Petroleum Concessions Director General Saadullah Shah informed the court that against nine exploration and production licences, four companies — United Energy (Pvt) Ltd, Oil and Gas Development Company Limited, Pakistan Petroleum Limited and Petroleum Exploration — were working in Sanghar.

“Under the concession licence, each company is obliged to invest $30,000 (Rs3 million) annually per block. There are nine exploration blocks in Sanghar,” the DG said, adding that there was an outstanding amount of $1.3 million to be spent on the social sector development in the district alone.

During the hearing, none of the companies could explain how much money they had actually spent on social sectors like health, education, water supply, drainage, road and transportation and provision of gas to surrounding areas.

Saadullah Shah said 4,400 barrels of crude oil and 60 million cubit feet of gas were being produced daily in Sanghar.

Additional Advocate General Shah Khawar read out a report on behalf of the OGDCL and the petroleum ministry conceded that much attention could not be paid to the development sector. But the main reason for the unspent mandatory welfare budget was non-identification of development scheme by local administrations and public representatives, including member of the National Assembly, it explained.

The OGDCL, however, ensured prompt release of funds as soon as welfare schemes were communicated to it.

The corporation admitted that exploration and production (E&P) companies were required under the petroleum concession agreement to spend a fixed amount on welfare schemes and deposit bonus at the time of commencement of commercial production, which was linked with barrels of oil equivalent (BOE).
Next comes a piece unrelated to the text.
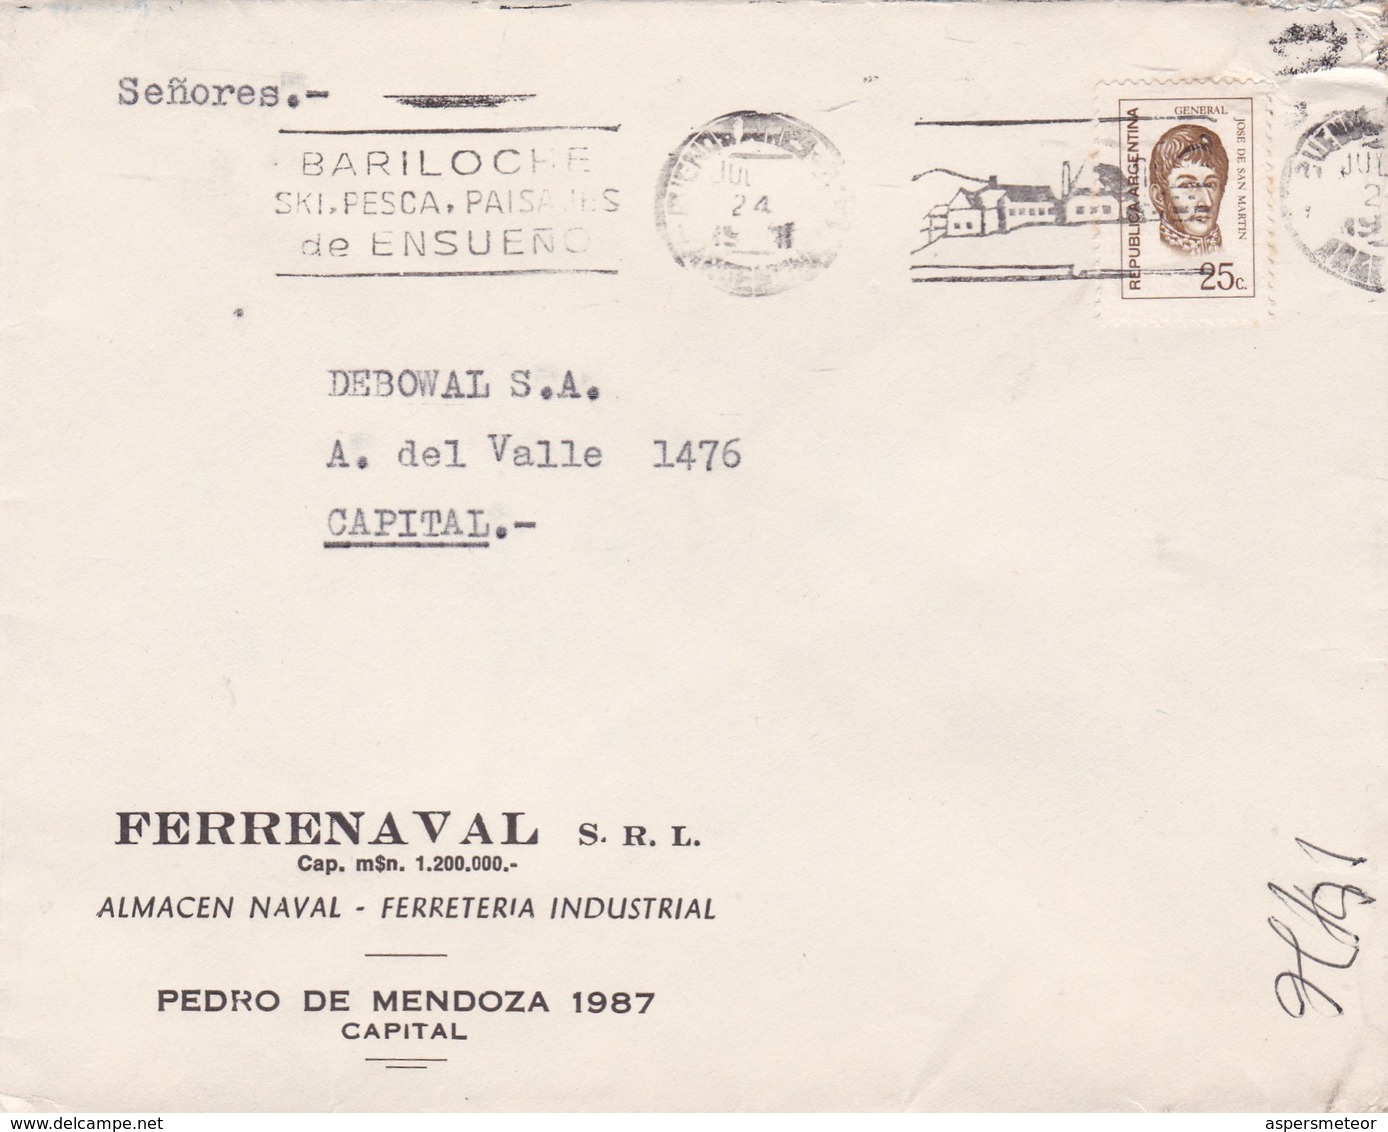 FERRENAVAL SRL- ENVELOPPE CIRCULEE BUENOS AIRES 1972 BANDELETA PARLANTE: BARILOCHE, SKI PESCA PAISAJES DE ENSUEÑ - BLEUP - Cartas & Documentos

“The E&P companies are also required to ensure environmental protection,” the petroleum ministry said, adding that 25 exploration and production companies working in different fields across the country had been asked through letters to provide complete information about their welfare obligations as per agreements. The companies have also been asked to mention the amount being spent on development of roads and infrastructure and induction of skilled and unskilled employees.

Abdul Hakeem Khoso regretted that nothing had been spent on the ground and that local people were being killed because of snake and dog bites, but no medical facility was available to them.

The court directed the four E&P companies to submit a year-wise report showing how much money they had spent and how much was outstanding.

The case will be taken up on Thursday.